Fly
When a group of BASE jumpers loses three of its members, an outsider asks, ‘What’s this stupid thing they do?’ One of the jumpers we interviewed during our seven year shoot responded, ‘You jump and you fall. But when you jump in a wingsuit, you pretty much fly.” And after a pause, he poses a self relic query Is it okay to risk for fun?
In the documentary ‘Fly,’ the audience gets to meet the Living Street performers the BASE jumpers. The jumpers fly with amazing GoPro footage during the jumps, high above the most beautiful mountains and canyons. Sometimes it’s joyful and sometimes sad since there are many traumatic accidents shown and heard.
BASE is an acronym with four letters: B for building, A for antenna, S for span (bridge), and E for earth (cliffs). The individuals in the film jump off clips or mountain edges in fascinating parts of the world like the Alps, Korea, or Utah’s Moab. For these individuals, the whole world consists of two parts places where you can jump from and the other where you cannot jump from.
As much as they relish leaping from their jump spots, known as ‘exits’, they also find joy in discovering new jump spots.
Most people appear to be quite absolute in their viewpoints. There are two races of jumpers. The first race of jumpers appears to detest living the life of ‘everyone else’ who live around televisions and their children. As we see it’s hardly strange that all the spouses we meet are married to people of a different nationality them in the community of jumpers is limited and what the jumpers share is not a language or culture but the passion for flying and falling and the intention to do so despite the danger.
One of them, together with Marta, is probably the more visible part of the jumper community. The euphoric Jimmy claims no man has married the woman who instructed him in BASE jumping, a distinction he has enjoyed for some time. He founded a business in which they purchased and taught the art of Brazilian native Marta. Each year, they host a party that resembles a Burning Man for jumpers, into which they incorporate a more real lifestyle.
Jimmy has the unique honor of being a pioneer in locating Moab’s new and thrilling ‘exit’ point. He names it ‘Dragon’s Nest’. It is a different story when they go out for an annual party, they take a picture as a group and even make it clear that at least some of the people in this picture will die in many aerial trips before the next reunion.
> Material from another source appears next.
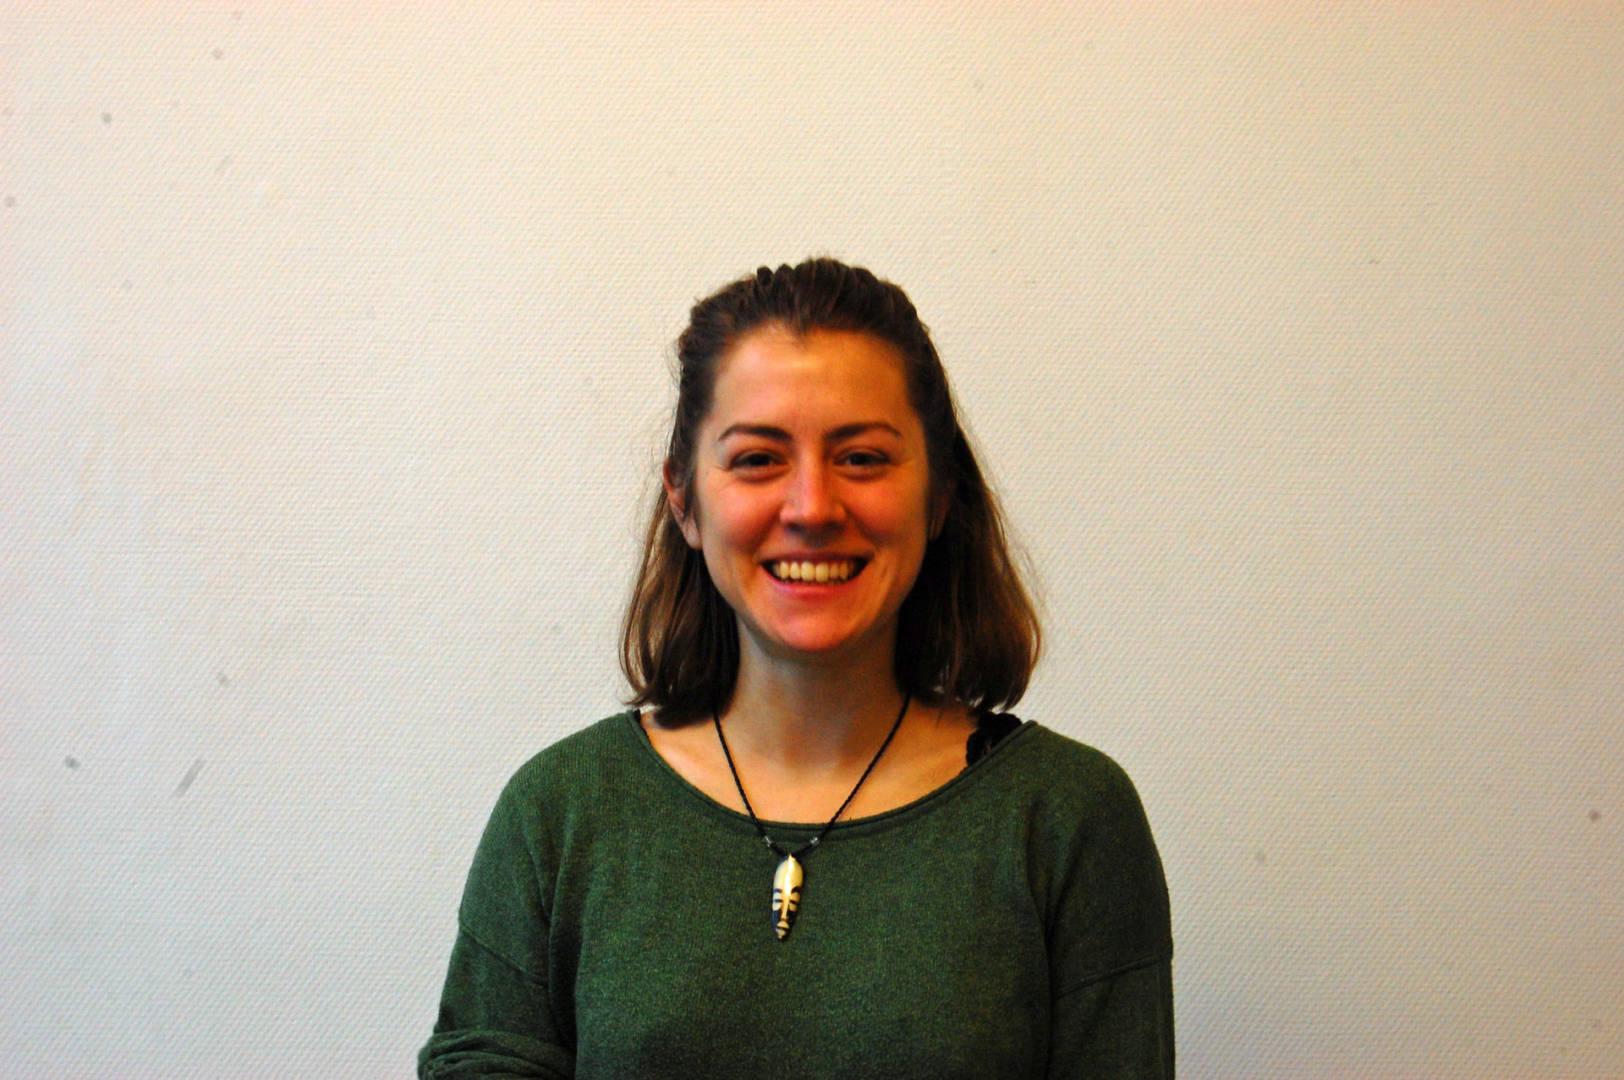 Thessa Gebhardt

Scotty and Julia are also an American Brazilian couple and they also practice and teach BASE jump. The Army veteran had some rough days in the military but when he picked up jumping, he found it his purpose. He claims that he managed to jump at least once a week for nine years now. What about Julia? She quit her lawyer’s job to pursue BASE jumping full time.
Espen is Norwegian and Amber is from the UK and they are competitive jumpers, professional in this sport. In the movie, while a couple of years back the jumpers were seen as offenders, now it is developed into an official sport with it being included in the Super Bowl halftime drill of 2020. Espen and Amber do not just jump but rather perform a dance number where they swim in the air, at the same time.
‘Fly’ goes slightly further in respect of the risks and the responsibility or lack of it involved in the act as opposed to the recent ‘Skywalkers: A Love Story’ but not quite. The BASE jumpers however say that their sport is “selfish”. Some people even know that it is only the people that are left behind that suffer the loss. We witness what happens to a person who is a part of couple when the other suffers grave injuries.
She questions if she will still have a relationship if she is no longer able to continue jumping. He questions whether it would be against his principles to continue jumping if she was dead.
Body cameras and microphones provide us an exhilarating glimpse at insane jumps, and modern technology offers us an exhilarating glimpse at astonishing jumps and, yes, modern technology offers us an exhilarating glimpse at astonishing jumps and, yes, modern technology offers us an exhilarating a glimpse at astonishing jumps Body cameras show us the jaw dropping beauty of the stunts while enabling us to hear the cringeworthy moments a breathtaking performance turned into a potentially horrifying catastrophe. Jumpers may seem agitated from the outside and show distress but when viewers look at the emotions of tumbling jumpers, that sense of dismay didn’t sacrifice their performance, as there’s something more stoic. When other people watch the film, its subjects reveal their deepest wish to send a message in case something happens to them. One of them agrees. When time is a factor, the film’s subjects recognize the beauty in simple moments, an invaluable tendency that many people take for granted.